Serialism and Minimalism

These were particularly influential innovations in 20th Century music.

Serialism

  • Schöenberg was the founder of serialism, a 12-note system that replaced tonality.
  • The composer first arranges the 12 notes of the chromatic scale in any order of his or her choice. This becomes the note-row.
  • All 12 notes are of equal importance and they should appear in the order of the note-row, although they can be repeated.
  • As well as using the note-row in its original form, it may be used backwards (retrograde), upside down (inversion), or both backwards and upside down (retrograde inversion).
  • Each of these can be transposed to begin on any note of the chromatic scale.

Playing the clips will help you to follow these changes.

Original

Retrograde

Inversion

Retrograde Inversion

  • Schöenberg's pupils Berg and Webern also took up serialism.
  • Berg was much freer in his approach and often brought in extra material not drawn form the series.
  • Webern was much stricter in his use of serialism.

Minimalism

  • This kind of music uses repeated ostinati.
  • Small changes in musical phrase are introduced one by one.
  • This may include phase shifting in which parts gradually move out of sync with each other.
  • The music has a hypnotic quality.
  • Music technology may be employed.
  • Philip Glass and Steve Reich are prominent minimalist composers.
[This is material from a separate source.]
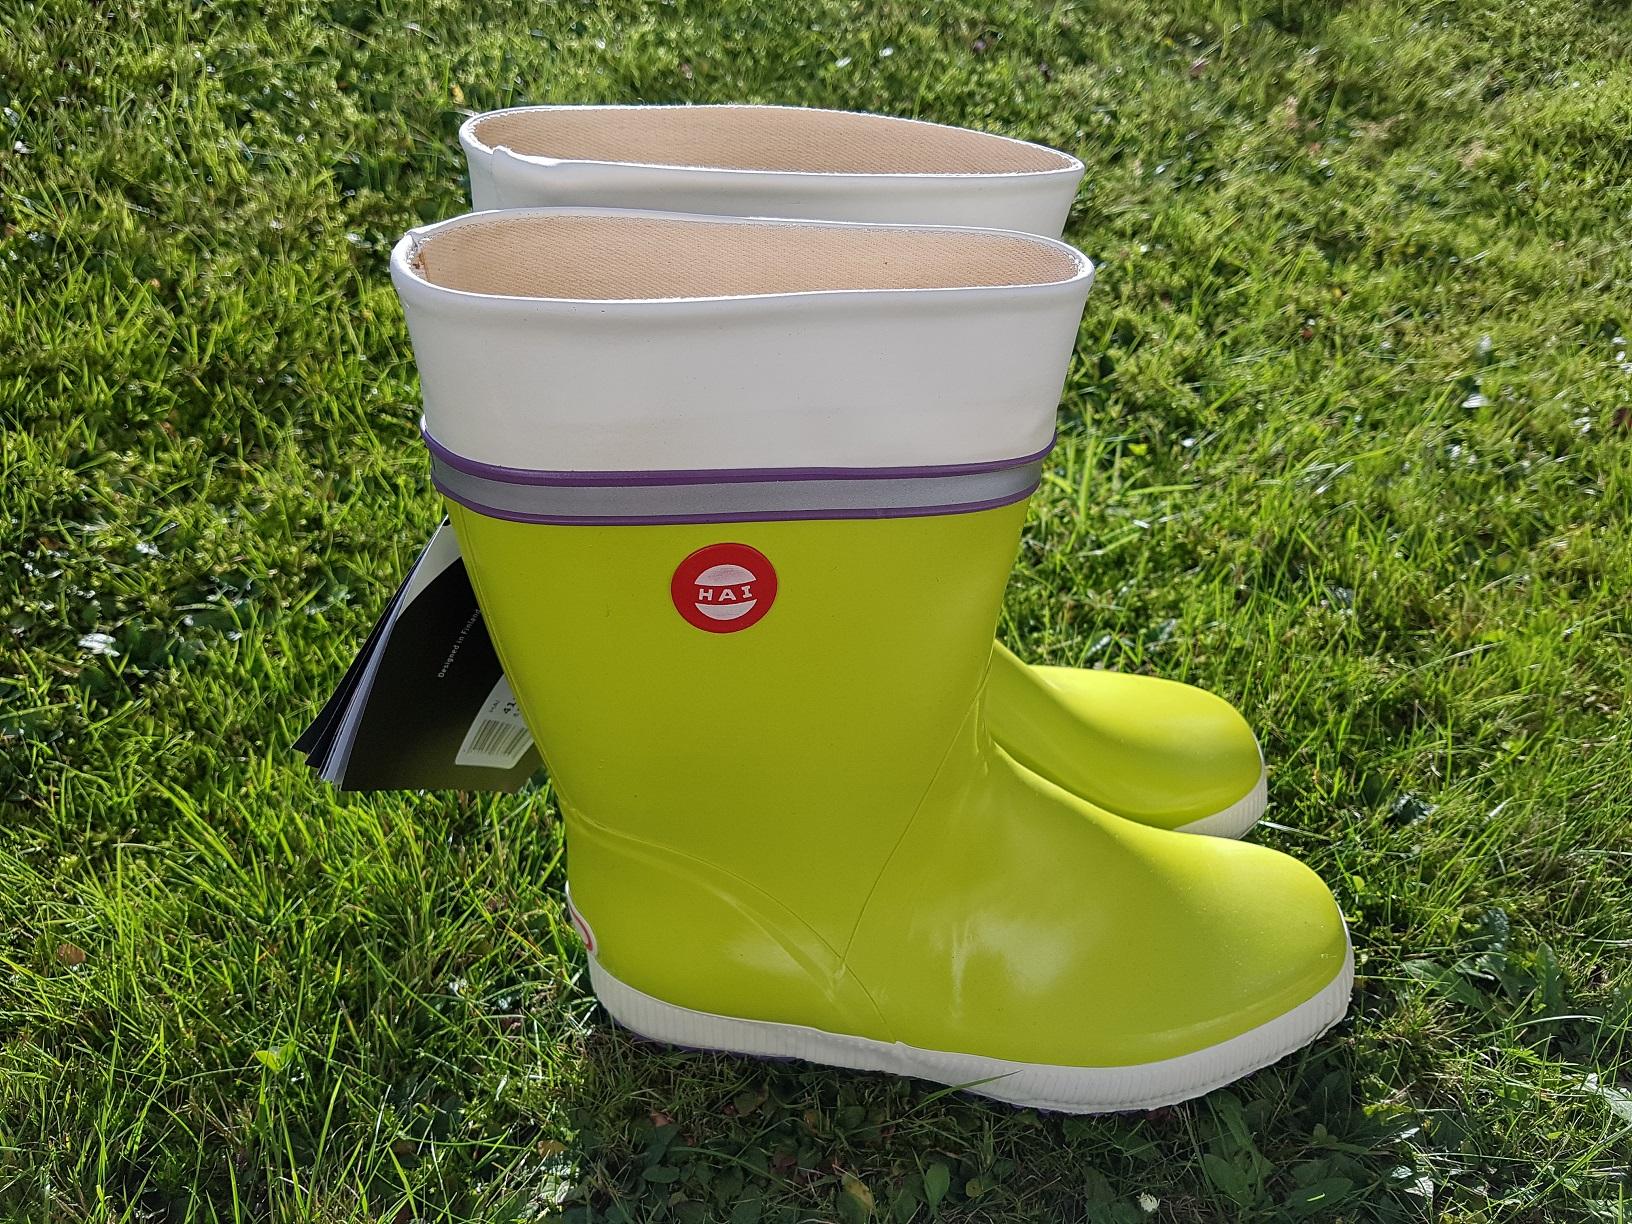 Hai Stiefel Lime Tricolor, Größe 41

Listen to these two examples of minimalist music by Steve Reich:

Listen

Reich: Clapping music (Real Audio clip)

Listen

Reich: Electric counterpoint (Real Audio clip)

Jazz and folk influences

Popular traditions had a big impact on 20th century art music.

Jazz influences

Several ingredients in general 20th century music can be traced back to the influence of American Jazz:

  • fresh vitality in rhythm, relying on syncopation
  • syncopated melodies above a steady beat
  • blues notes - flattening certain notes of the scale such as the 3rd or 7th
  • muted brass effects
  • a keener interest in percussive sounds
  • instruments playing in shrill registers
  • improvisatory elements – even resulting in aleatoric music where improvisation and performance choice is at the core of the composition

Ravel, Milhaud, Gershwin, Kurt Weill, Stravinsky, Walton and Copland are amongst composers who have used jazz elements in their works

Examples: 'Ragtime for eleven instruments' by Stravinksky; 'Piano Concerto' by Gershwin.

Folk influences

  • During the first half of the 20th century, nationalism had a large influence on the music.
  • Many composers studied folk songs and used folk melodies in their compositions. Examples are Britten, Copland, and Williams.

Soviet composers

Three of the great 20th century composers were from the Soviet Union (now Russia).

Sergey Prokofiev

  • He studied at St. Petersburg Conservatory in 1904.
  • After the Revolution he was given permission to travel abroad.
  • When he returned to Russia he found himself out of favour with the authorities and in 1948 the subject of particular and direct censure.
  • He died in 1953, on the same day as Stalin, and so could not enjoy the subsequent relaxation in musical censorship.
  • His most famous piece is probably 'Peter and the Wolf'.

Dmitry Shostakovich

  • Like many Soviet composers of his generation, he tried to reconcile the musical revolutions of his time with the urge to give a voice to revolutionary socialism.
  • His career varied with the political climate in Russia.
  • His opera 'Lady Macbeth' was condemned by Stalin.
  • His 'Ninth Symphony' brought criticism from officials who thought it too frivolous.
  • After Stalin's death he had more freedom to compose.

Igor Stravinsky

  • He studied music with Rimsky-Korsakov in Russia.
  • After the Russian Revolution of 1917 he moved to Western Europe, and then to the USA in 1939.
  • In the post-war years he turned from a style of eclectic neo-classicism to composing in the twelve-note technique invented by Schöenberg.
  • His most famous work was probably 'The Rite of Spring', containing representations of prehistoric pagan Russian rituals and sacrifice.